▶ [Assignment]: Write the data below out exactly as it stands. Do not include the pictures.

▶ [Dataset excerpt]:
Start of Block
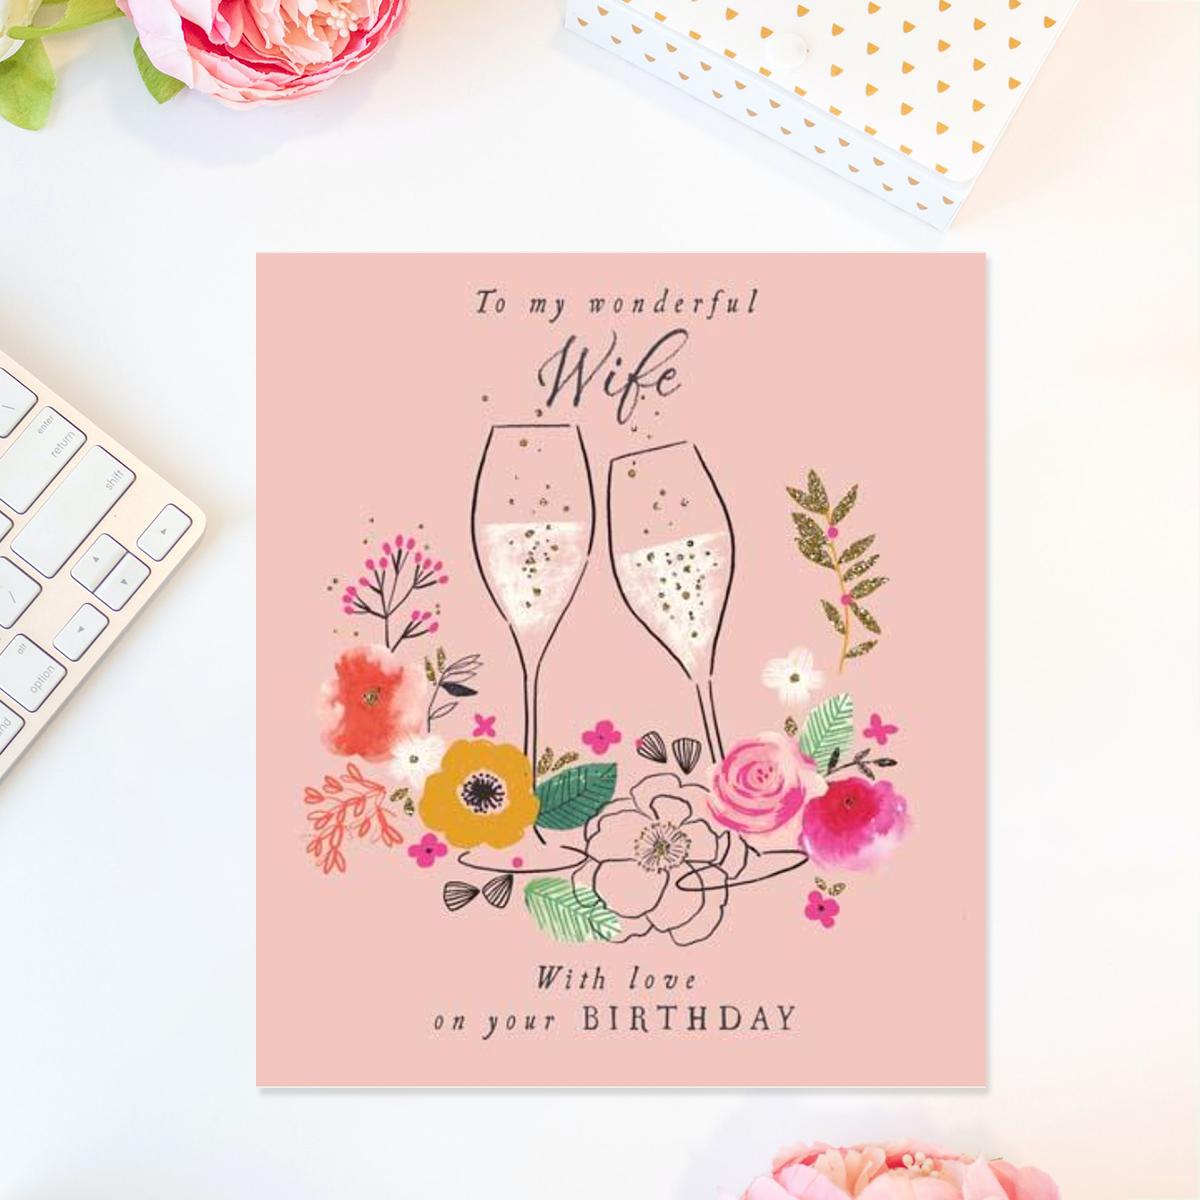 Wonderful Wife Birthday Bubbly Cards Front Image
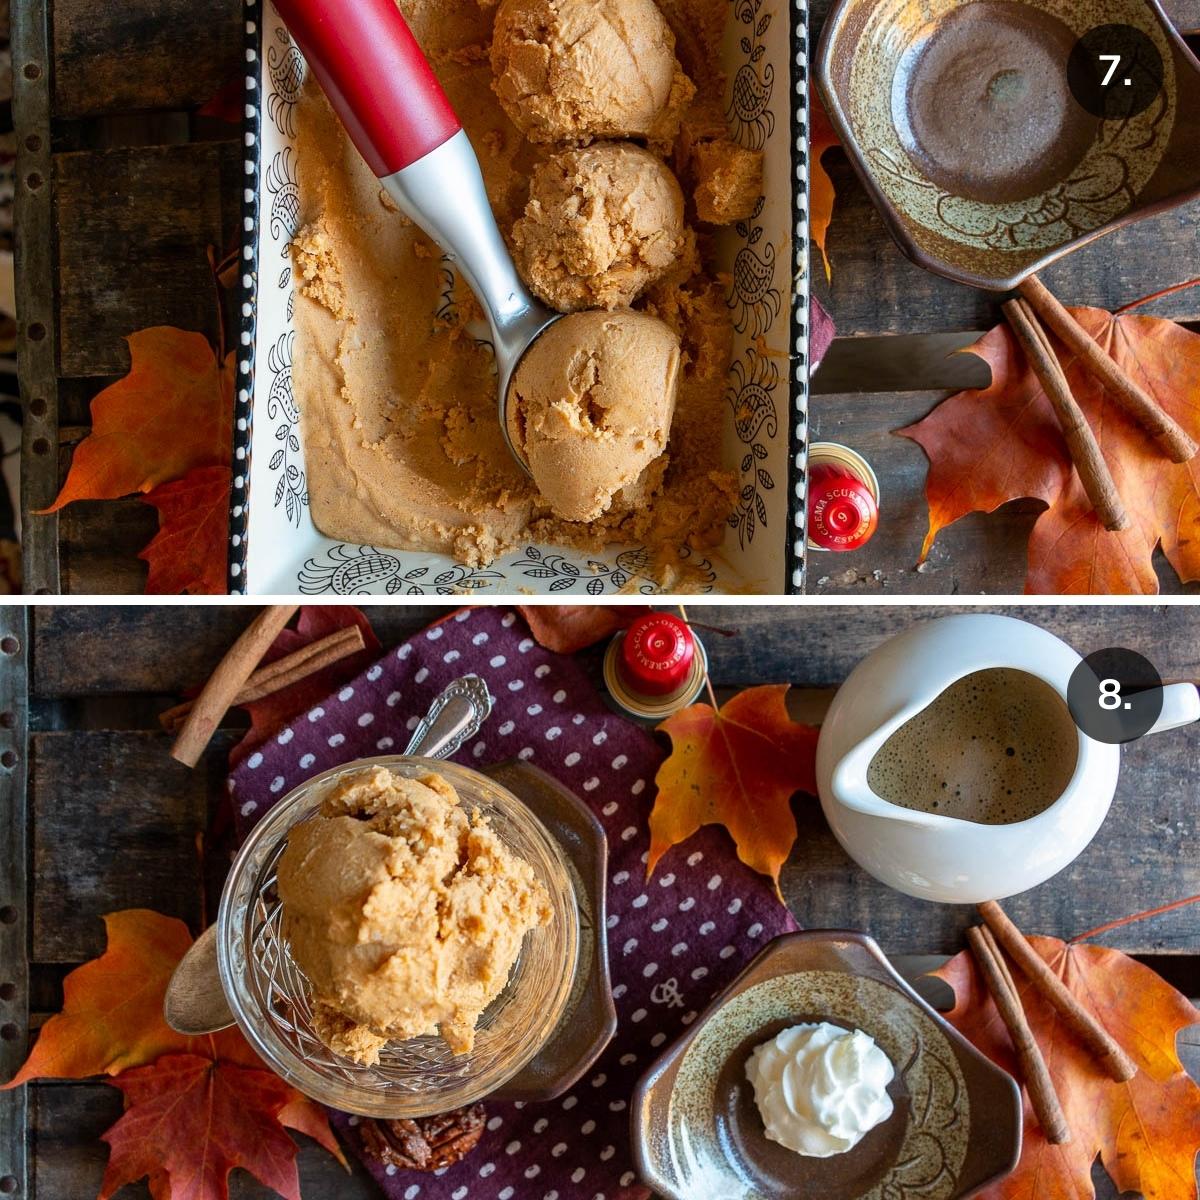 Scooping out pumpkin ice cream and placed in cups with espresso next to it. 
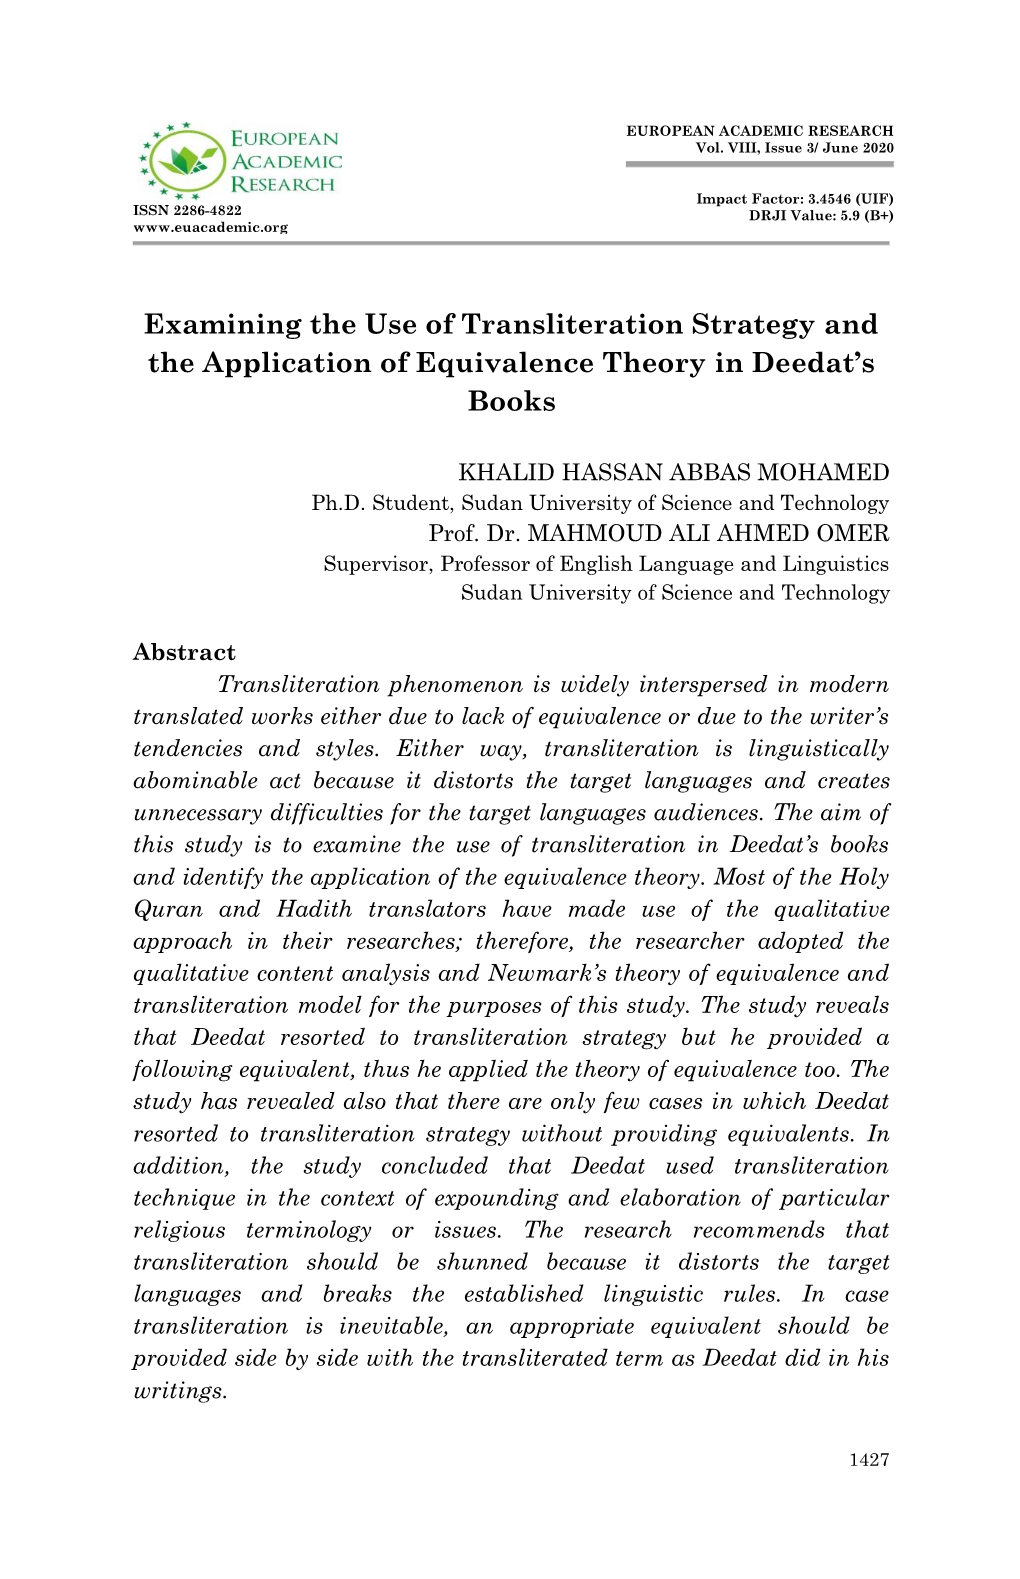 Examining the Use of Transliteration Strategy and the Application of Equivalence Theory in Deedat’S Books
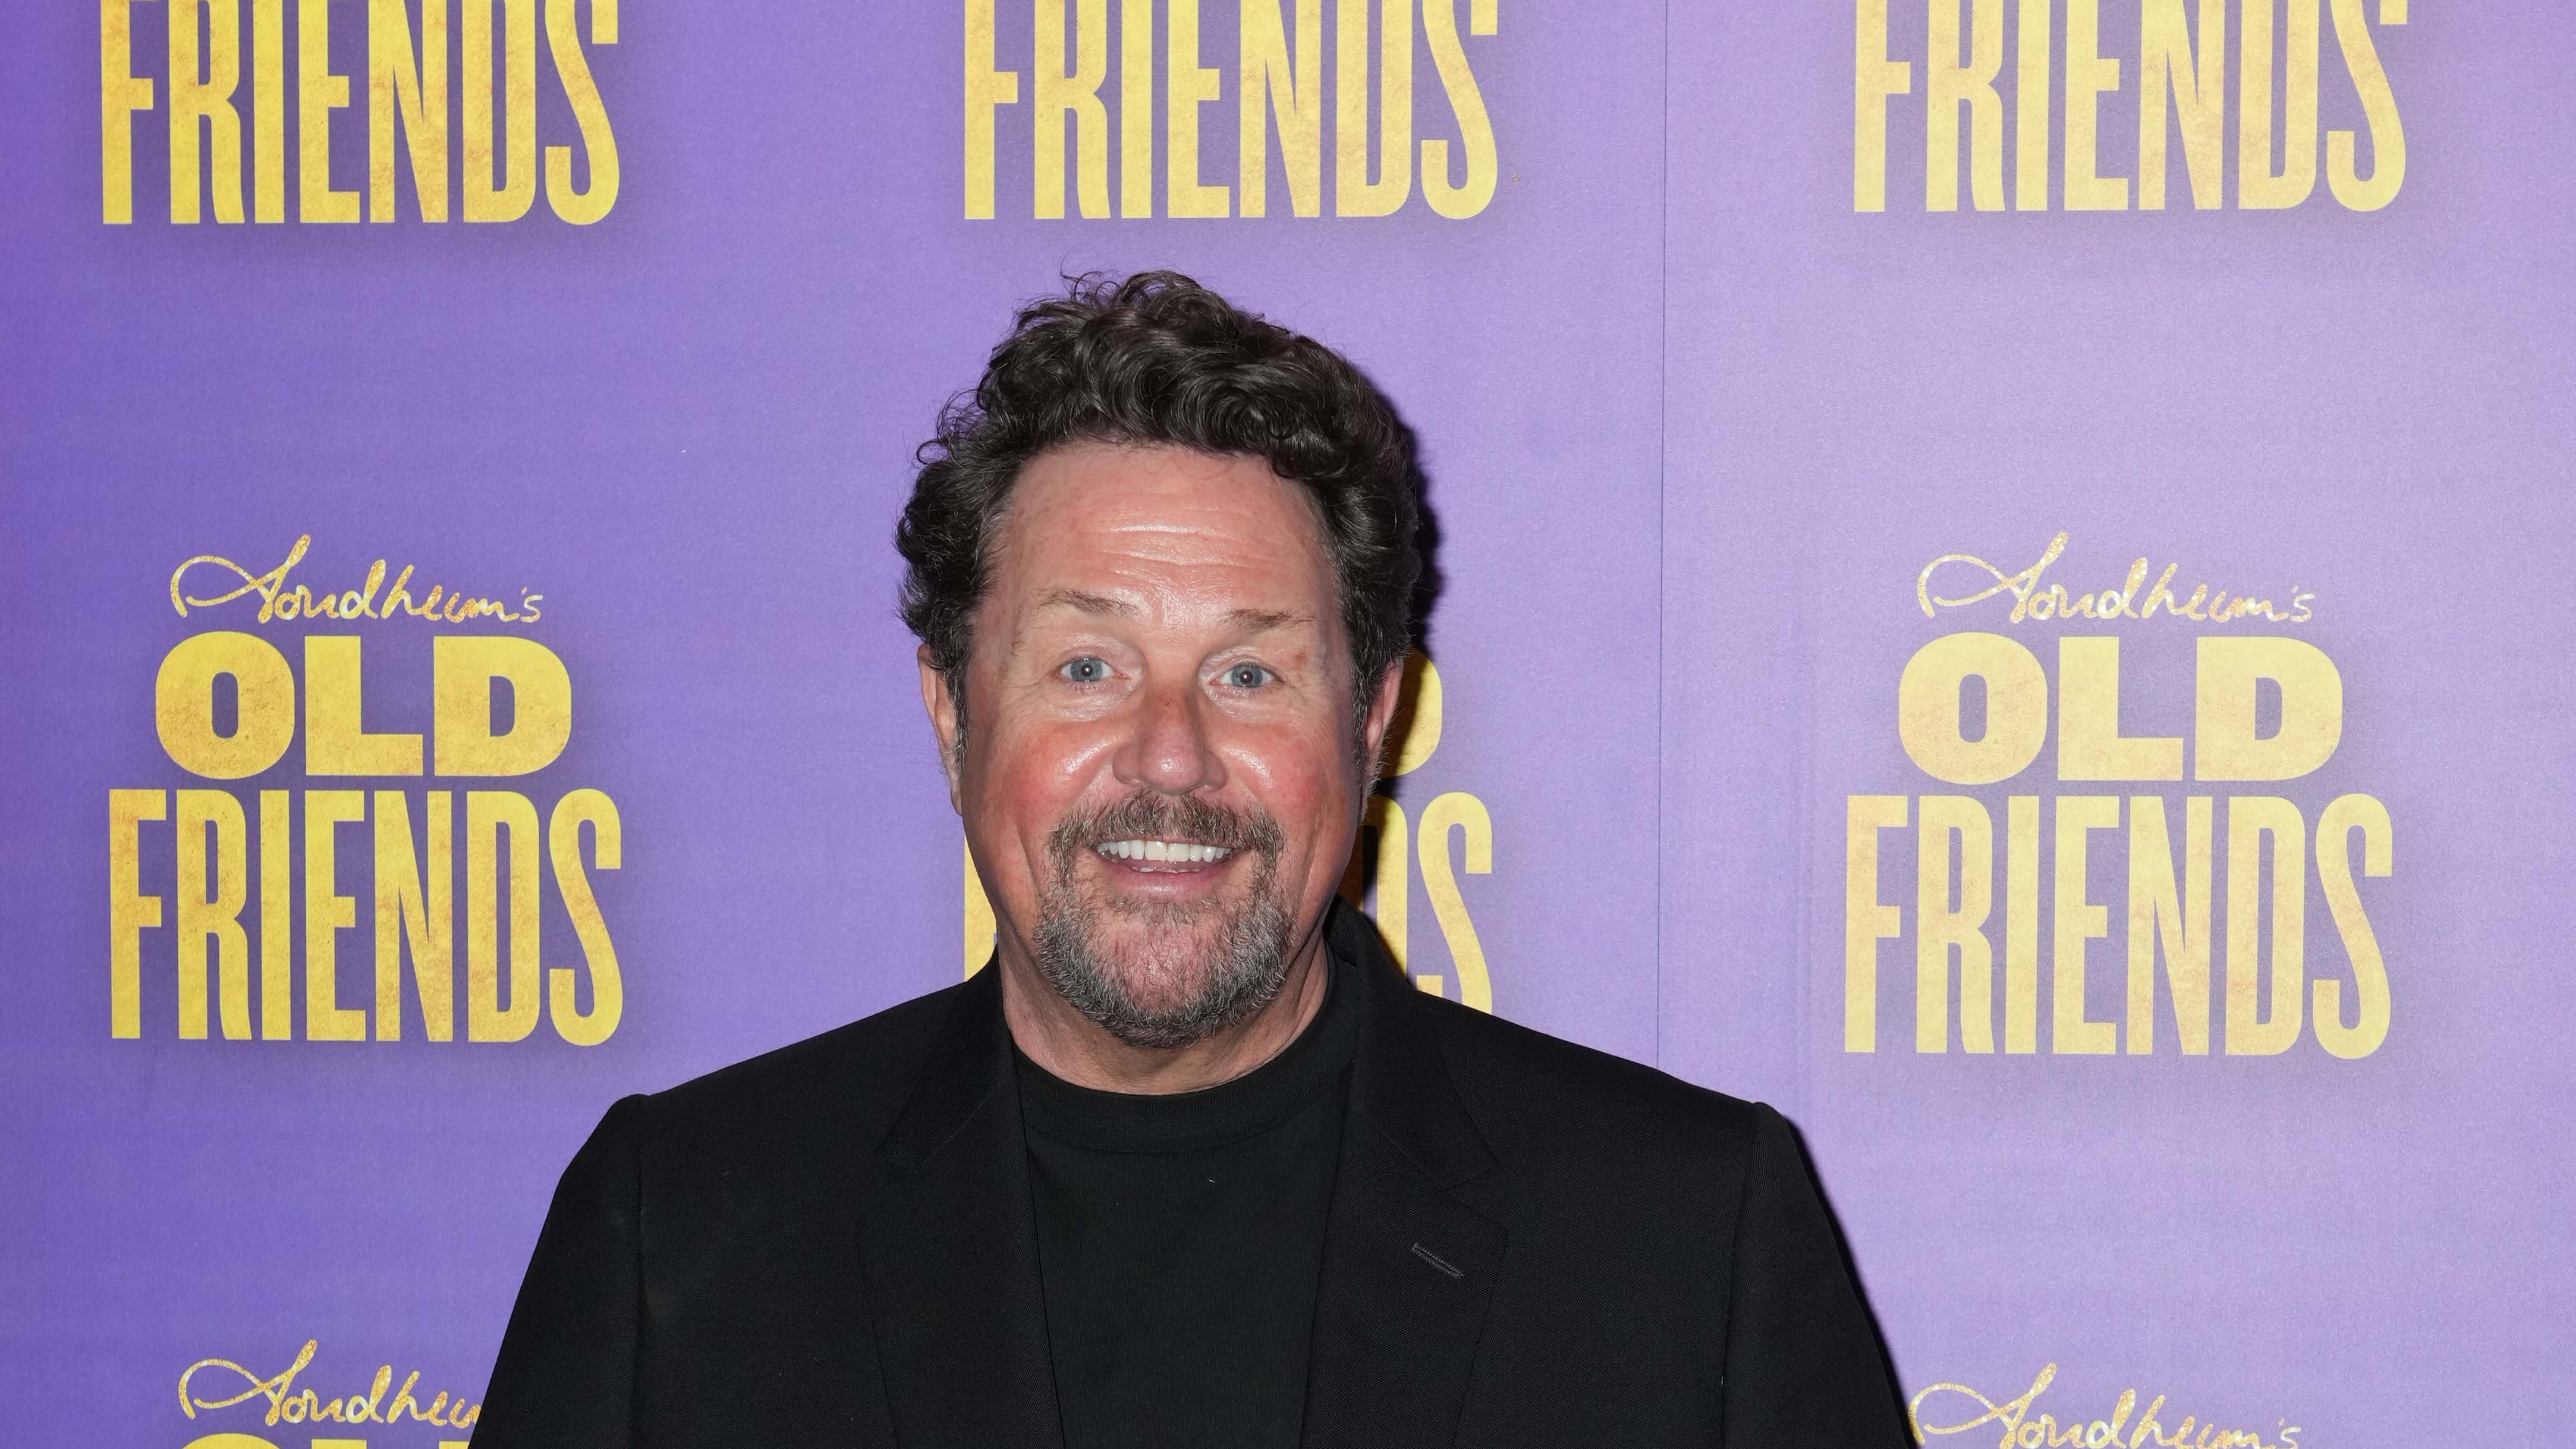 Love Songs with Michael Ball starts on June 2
End of Block
▶ [Exercise solution]:
 Wonderful Wife Birthday Bubbly Cards Front Image
 Scooping out pumpkin ice cream and placed in cups with espresso next to it. 
 Examining the Use of Transliteration Strategy and the Application of Equivalence Theory in Deedat’S Books
 Love Songs with Michael Ball starts on June 2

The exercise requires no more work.